Seated on the screened-in porch, she laid her pen on the little metal table and studied the thirty-seventh invitation she’d written today. Cadillac was a big town, not fancy, just spread out, especially now that the county had expanded the orphanage into a children’s prison out on the highway and the community college was gett
ing bigger and hiring real professors. She rubbed her neck. Writing these things out by hand was a whole lot easier than ordering them printed from Mr. Helander, who’d look over his glasses like she didn’t even know how to spell. Ishmael, the boy telling the story in Moby Dick, said he’d rather be friends with Queequeg, the ignorant, pagan harpooner than with Christians who offered nothing but “hollow courtesy.”
She looked at one of the invitations, the furls and curlicues of her elegant script, the only nice thing her grandmother had to pass on to her. She pressed the stiff card to her heart. Grandmother Virginia, raised without a father on a dried up farm in the ’30s, rest her soul, told her to find a friend to marry. How was it people decided the way they were going to be married? Gavin’s parents sure didn’t act like friends. They just slid along on top of life, as though they were moving across crusted snow, never breaking through. Mr. McCall let his wife spend money like water. Mrs. McCall laughed off his mean remarks. They bought new stuff when they were bored, traveled separately when they were angry. Dodging and weaving. It worked. Nobody in town saw anything over at their house but a real sweet couple.
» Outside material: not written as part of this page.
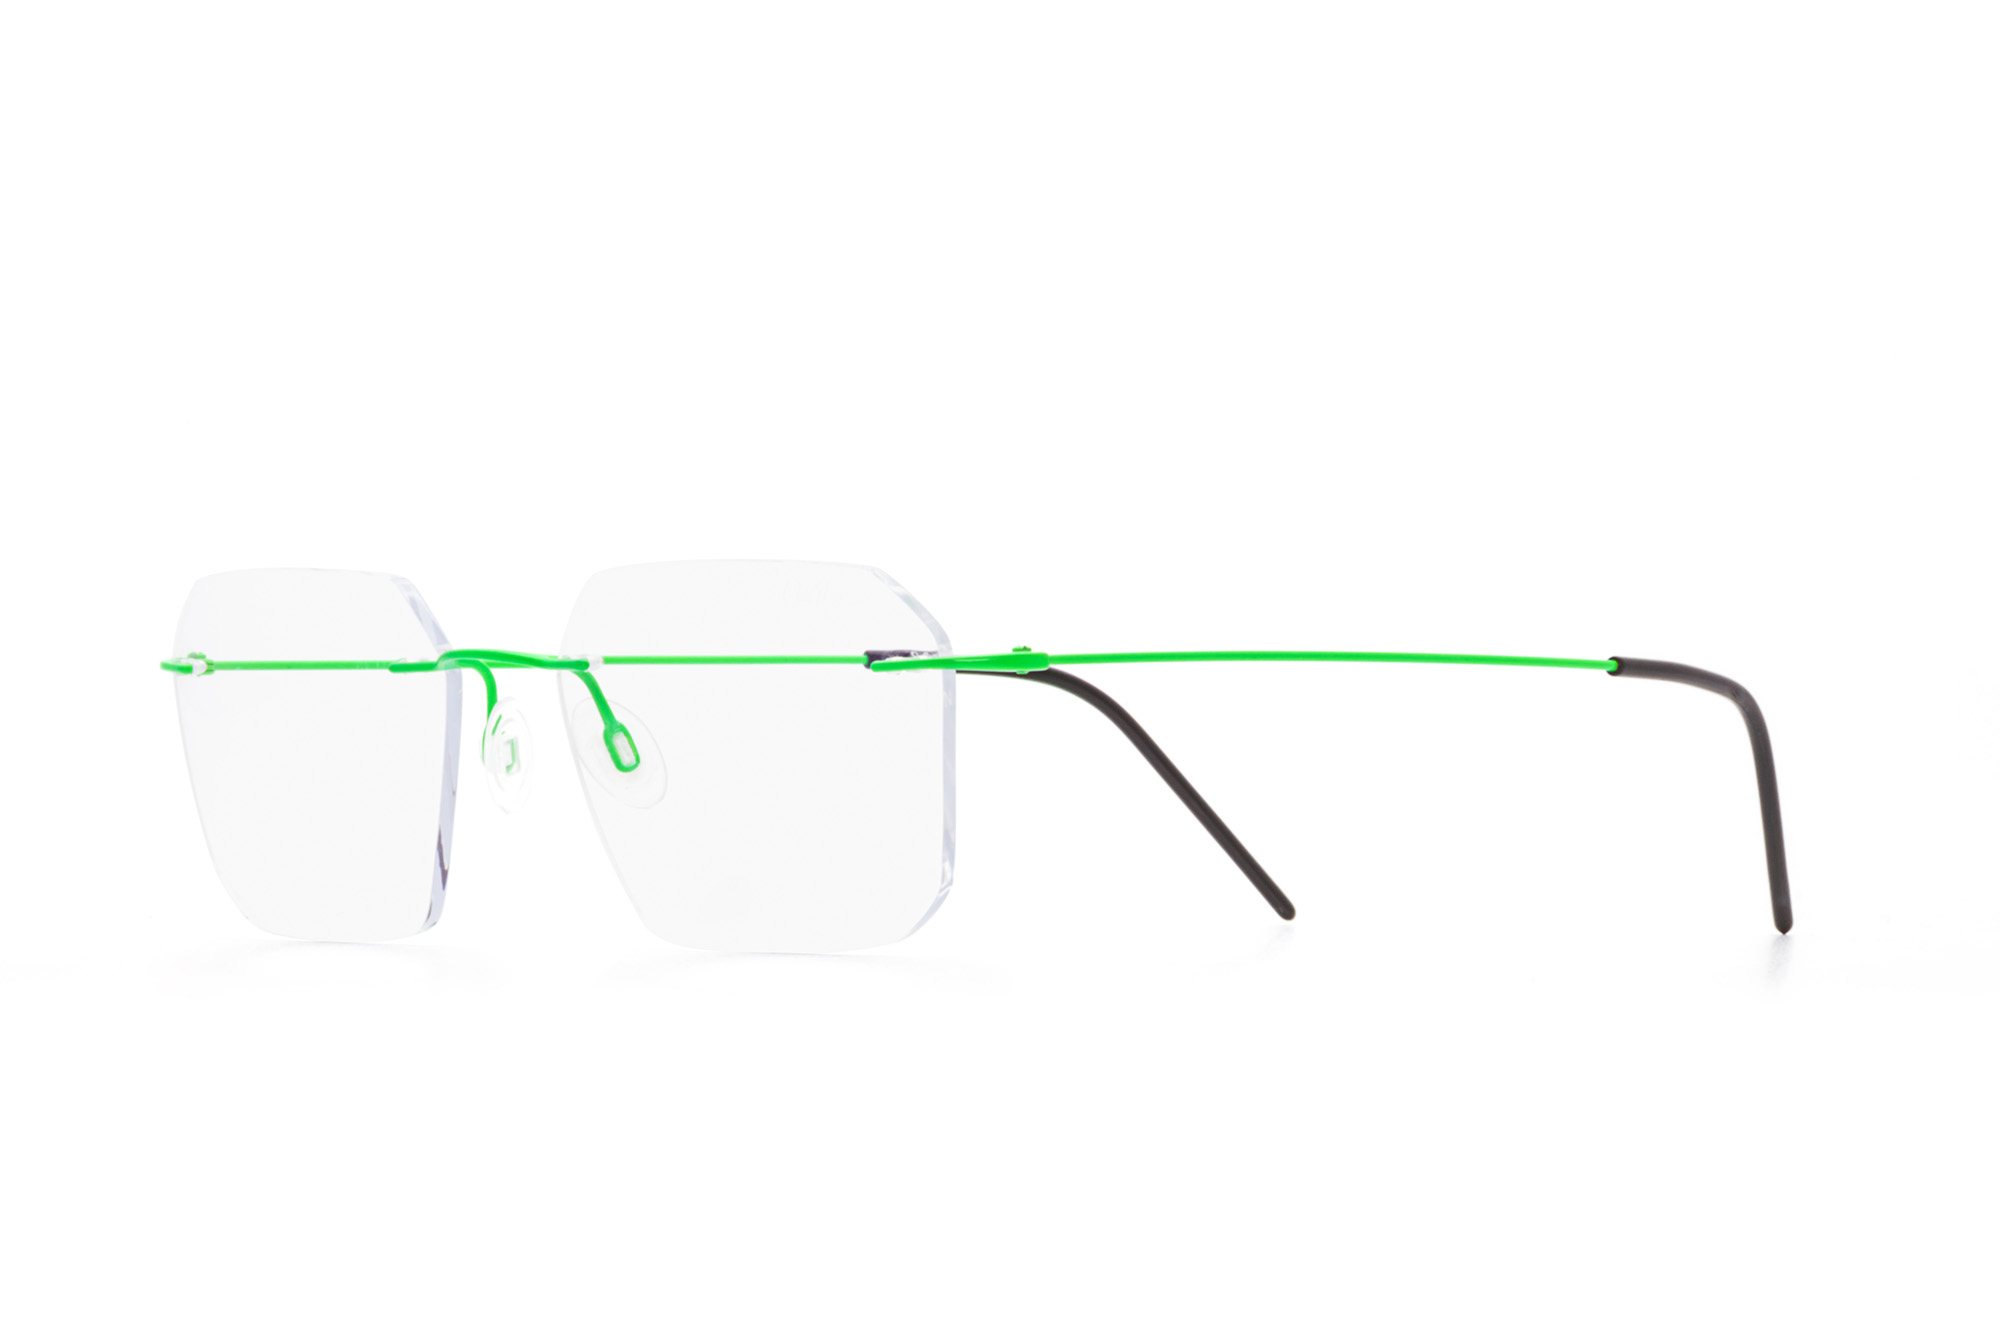 Kullanıma hazır optik tarzda işlenmiş camları ve optik uyumlu çerçevesiyle Oxibis Zef ZP7C12 53 orta ekartman neon yeşil renkli altıgen ve dikdörtgen model çerçevesiz unisex gözlüğü optisyen veya gözlükçülerin sunacağı numarasız veya numaralı cam özelleştirmeleriyle size en yakın gözlükçüden satın alabilirsiniz.

She picked up her pen. What she wanted to do was read Moby Dick. She’d left the crew of the Pequod in a terrible fix—an awful storm coming up and some mysterious aliens on board. But she needed to work on the party. Luckily, Gavin’s mother had made her a list.
She’d let Gavin tell her they couldn’t have a baby until he’d finished law school, passed the bar, established himself as a lawyer, and they had a bigger house. And they couldn’t move to Colorado during the lifetime of his grandfather, an old man Gavin never visited. After the grandfather died, Gavin started building the new house. As she darted from her car to the bakery, the liquor store, and the farm supply for kerosene for the torches, she imagined herself building a big bonfire. She’d soak all Gavin’s fancy suits with kerosene and use them as kindling. All that redwood, hundreds of yards of drapes. It’d go up with a terrific whump.
And yet, damn, this morning he’d wiped away all her nervousness about the party. “Poor little redneck. Don’t you know whatever way we do this housewarming will be the way everybody will do things in Cadillac after this.” She hadn’t cared what he was saying because he held her as gently as a bird, rocking. She would never give this up. Her own marriage, like the whale, was what Melville would call inscrutable.